Been running OpenWRT for what feels like 3 months now and I'm finally getting acclimated to its boons and quirks, but right now it seems I might have run into a bit of a snag.
I was lucky enough to get upgraded to a FTTH Gigabit connection, and after finishing fine-tuning the IRQ affinities for my router (Raspberry Pi 4B w/4GB RAM), it seems that I've hit a natural limit in regards to reducing CPU utilization without SQM (performing a speedtest currently gives me on average 745Mbps download and 200Mbps upload with 87% utilization of CPU core 1).
The service I'm running is through Telmex Mexico, on a GPON ONT VDSL2 PPPoE asymmetrical connection, and I'm trying to fine-tune cake for my current DL/UL speeds minus 2%. So far running the simple.qos Queue Setup Script with the cake qdisk and a Link Layer Adaptation of 22 leads to reduced latency, and speeds within margin of error, but spikes of 100% on core 1 again, so I was wondering if the was a way to spread the load over the other cores I'm equipped with or how to further fine-tune my setup.
If anyone has any pointers they'll be pretty appreciated.
On my dual core ARM device (1.3 GHz) cake limits bandwidth to around ~ 400 Mbit/s.
Without I get the same numbers as you ~ 750 Mbit/s. (even with fq_codel + htb)
Why does cake have so much CPU overhead compared to fq_codel ?
Well, yeah it has some more advanced feature set but almost a 50% reduction?

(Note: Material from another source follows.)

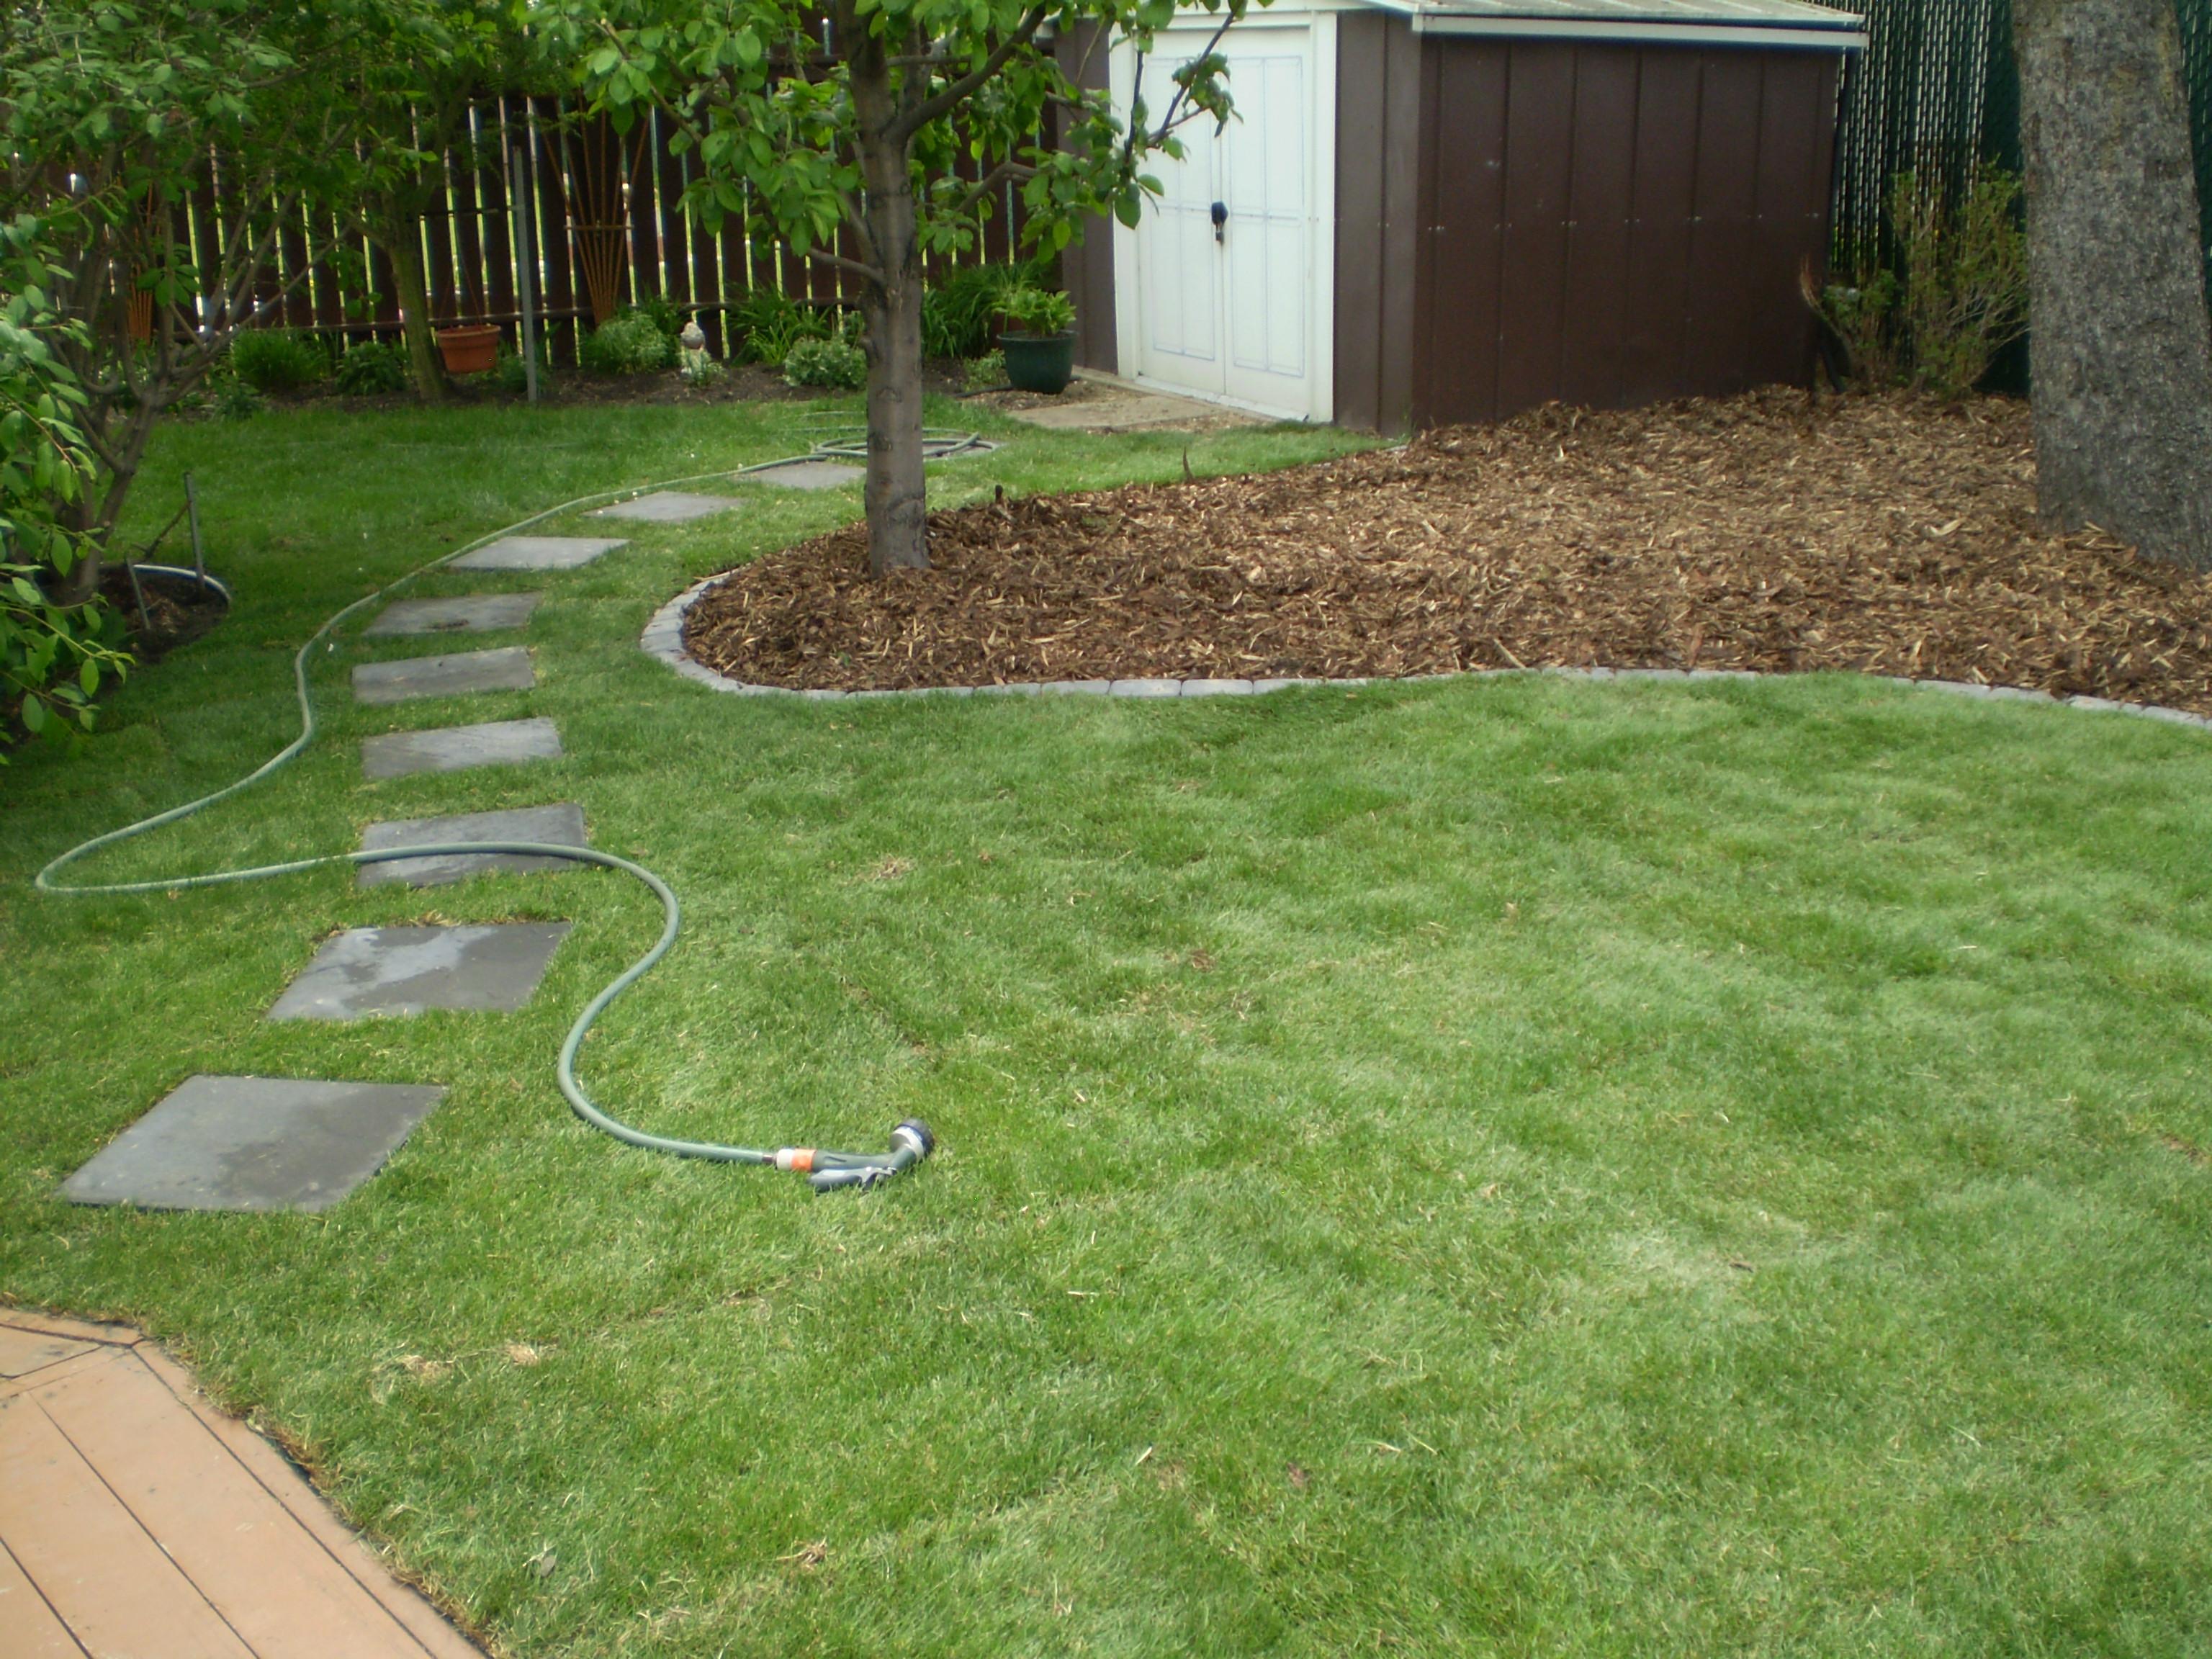 Hyams Landscaping And Garden Center : P whitemud landscaping and garden center edmonton

All your SQM related processing is happening on one single core, because the locks/semaphores whathaveyou associated with multi-threaded processing would increase processing latency (and packet latency, which goes against the point of using SQM in the first place).
Hence why balancing IRQs across cores, and using packet steering can help with performance. This thread might explain more:
What is the bandwidth bottleneck for you? Download or upload? You can disable SQM on ingress/egress selectively to get some cycles back. If you're using layer_cake, maybe piece_of_cake might use less CPU since it's not relying as heavily on DSCP tags. You can selectively disable DSCP priorities for ingress/egress as well with the besteffort keyword, but still have fairness and etc available.
1,3GHz sounds like a lot, but at the end of the day these old ARM cores simply don't have the IPC when compared to x86 of a similar age.